The optimizer is smart, but depending on the nature and volume of data in TABLE_A
, TABLE_B
, TABLE_C
, you may get different plans.
The answer may be different, depending on the data and the query. The clearest way to know is to test.
Here's an example:
First, create the test tables and load them. For this example, I'll arbitrarily just throw 20K rows in each, with a high uniformity of data across the three.

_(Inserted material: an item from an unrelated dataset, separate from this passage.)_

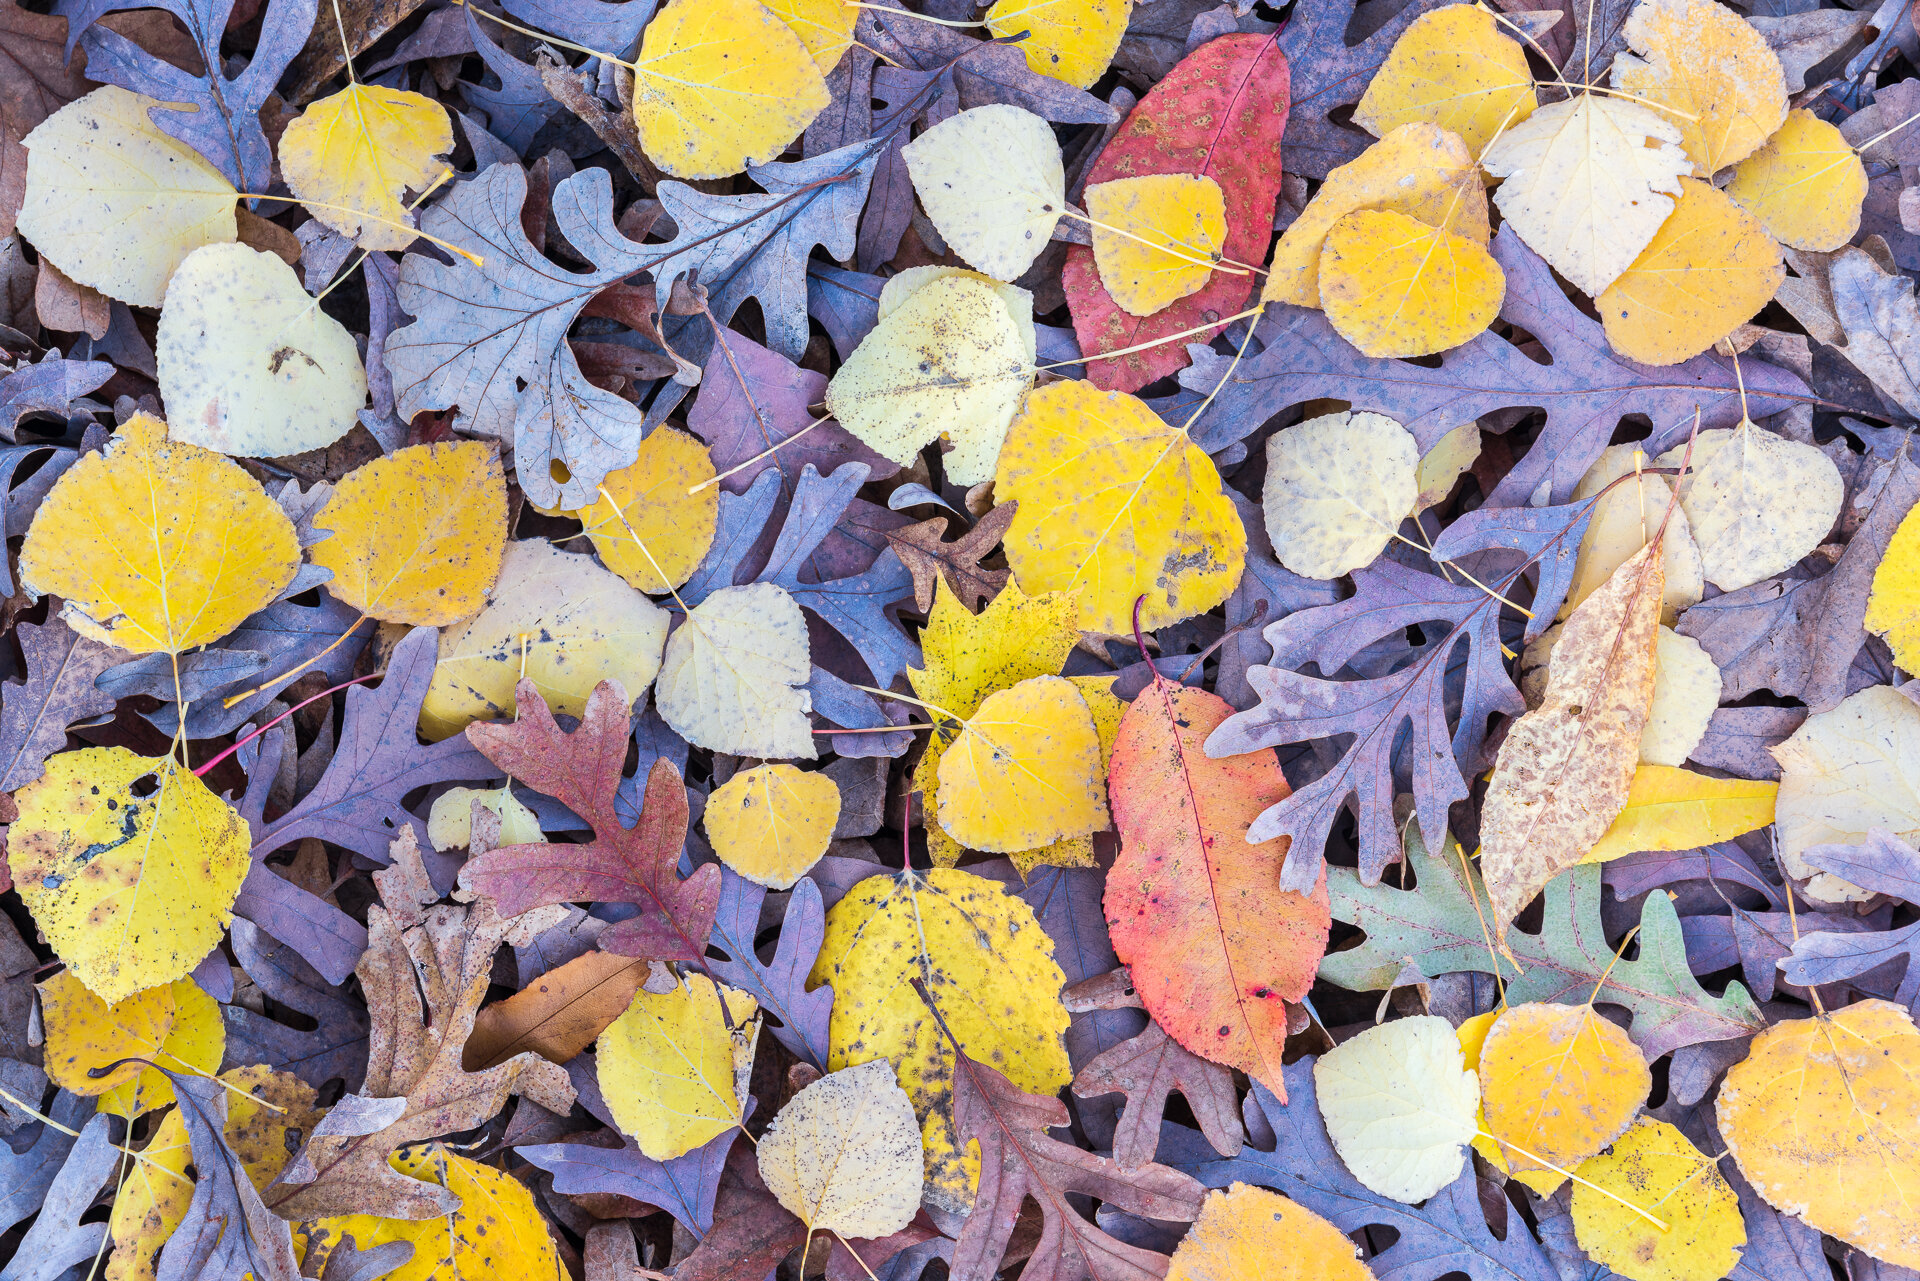 White oak and aspen leaves: Afton SP
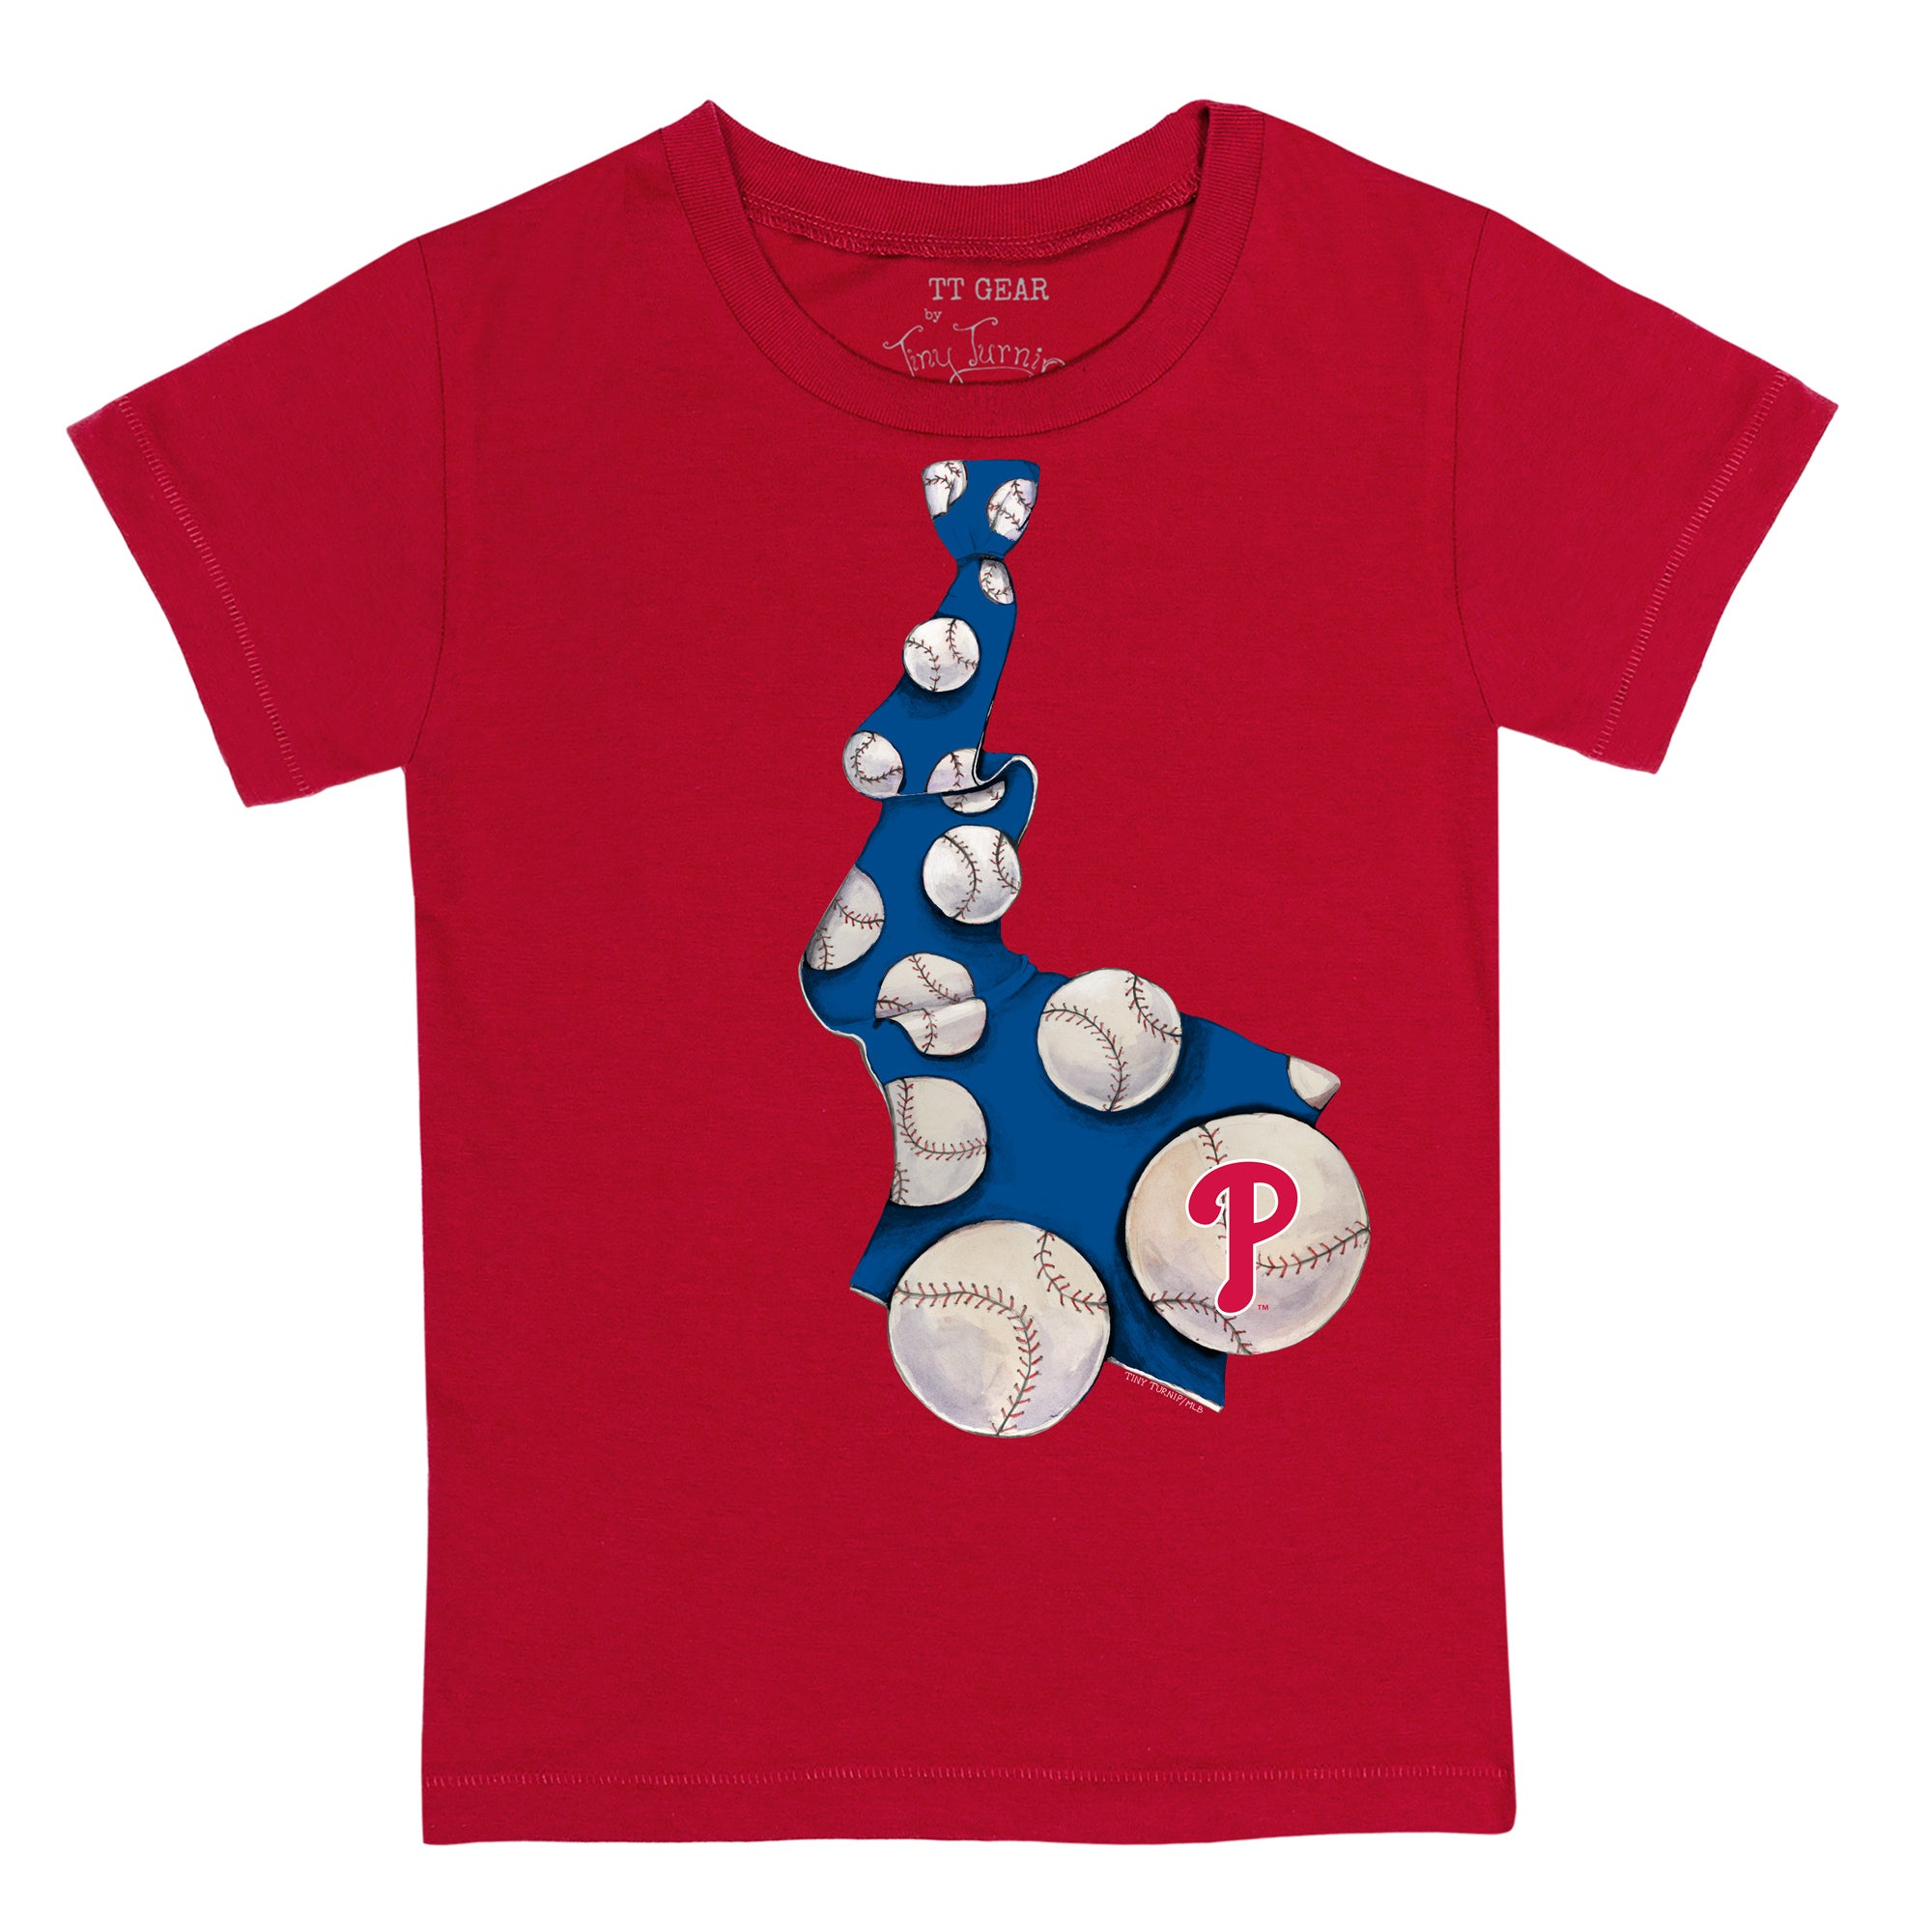 Youth Tiny Turnip Red Philadelphia Phillies Baseball Love T-Shirt Size: Medium

CREATE TABLE TABLE_A(ID NUMBER GENERATED ALWAYS AS IDENTITY NOT NULL PRIMARY KEY, YEAR NUMBER);
CREATE TABLE TABLE_B(ID NUMBER GENERATED ALWAYS AS IDENTITY NOT NULL PRIMARY KEY, YEAR NUMBER, CONDITION VARCHAR2(20));
CREATE TABLE TABLE_C(ID NUMBER GENERATED ALWAYS AS IDENTITY NOT NULL PRIMARY KEY, YEAR NUMBER, STATUS VARCHAR2(20));
INSERT INTO TABLE_A(YEAR) SELECT LEVEL FROM DUAL CONNECT BY LEVEL <= 20000;
INSERT INTO TABLE_B(YEAR,CONDITION)
SELECT LEVEL, DECODE(MOD(LEVEL,2),0,'TRUE','FALSE') FROM DUAL CONNECT BY LEVEL <= 20000;
INSERT INTO TABLE_C(YEAR,STATUS)
SELECT LEVEL, DECODE(MOD(LEVEL,3),0,'X',1,'Y','Z') FROM DUAL CONNECT BY LEVEL <= 20000;
... gather stats
Then, compare your queries. First with scalars:
SELECT
A.ID
, A.YEAR
, CASE WHEN (SELECT B.ID
FROM TABLE_B B
WHERE B.ID = A.ID
AND B.YEAR = A.YEAR
AND B.CONDITION = 'TRUE') = A.ID THEN
CASE WHEN (SELECT C.STATUS
FROM TABLE_C C
WHERE C.ID = A.ID
AND C.YEAR = A.YEAR) = 'X' THEN 'STATUS X'
ELSE 'STATUS Y' END
ELSE CASE WHEN (SELECT C.STATUS
FROM TABLE_C C
WHERE C.ID = A.ID
AND C.YEAR = A.YEAR) = 'Z' THEN 'STATUS Z'
ELSE 'STATUS NOT FOUND' END
END AS STATUS
FROM TABLE_A A
ORDER BY 1 ASC;
-----------------------------------------------------------------------------------------------
| Id | Operation | Name | Rows | Bytes | Cost (%CPU)| Time |
-----------------------------------------------------------------------------------------------
| 0 | SELECT STATEMENT | | 20000 | 156K| 89479 (1)| 00:00:04 |
|* 1 | TABLE ACCESS BY INDEX ROWID | TABLE_B | 1 | 14 | 2 (0)| 00:00:01 |
|* 2 | INDEX UNIQUE SCAN | SYS_C00409109 | 1 | | 1 (0)| 00:00:01 |
|* 3 | TABLE ACCESS BY INDEX ROWID | TABLE_C | 1 | 10 | 2 (0)| 00:00:01 |
|* 4 | INDEX UNIQUE SCAN | SYS_C00409111 | 1 | | 1 (0)| 00:00:01 |
|* 5 | TABLE ACCESS BY INDEX ROWID| TABLE_C | 1 | 10 | 2 (0)| 00:00:01 |
|* 6 | INDEX UNIQUE SCAN | SYS_C00409111 | 1 | | 1 (0)| 00:00:01 |
| 7 | SORT ORDER BY | | 20000 | 156K| 89479 (1)| 00:00:04 |
| 8 | TABLE ACCESS FULL | TABLE_A | 20000 | 156K| 11 (0)| 00:00:01 |
-----------------------------------------------------------------------------------------------
Statistics
-----------------------------------------------------------
4 CPU used by this session
4 CPU used when call started
11 DB time
10592 Requests to/from client
10591 SQL*Net roundtrips to/from client
80006 buffer is not pinned count
766 buffer is pinned count
117828 bytes received via SQL*Net from client
2531165 bytes sent via SQL*Net to client
2 calls to get snapshot scn: kcmgss
5 calls to kcmgcs
41127 consistent gets
...
...
etc.
And compare with a join query that returns equivalent data:
SELECT
TABLE_A.ID,
TABLE_A.YEAR,
CASE WHEN TABLE_B.CONDITION = 'TRUE'
THEN
DECODE(TABLE_C.STATUS, 'X', 'STATUS X', 'STATUS Y')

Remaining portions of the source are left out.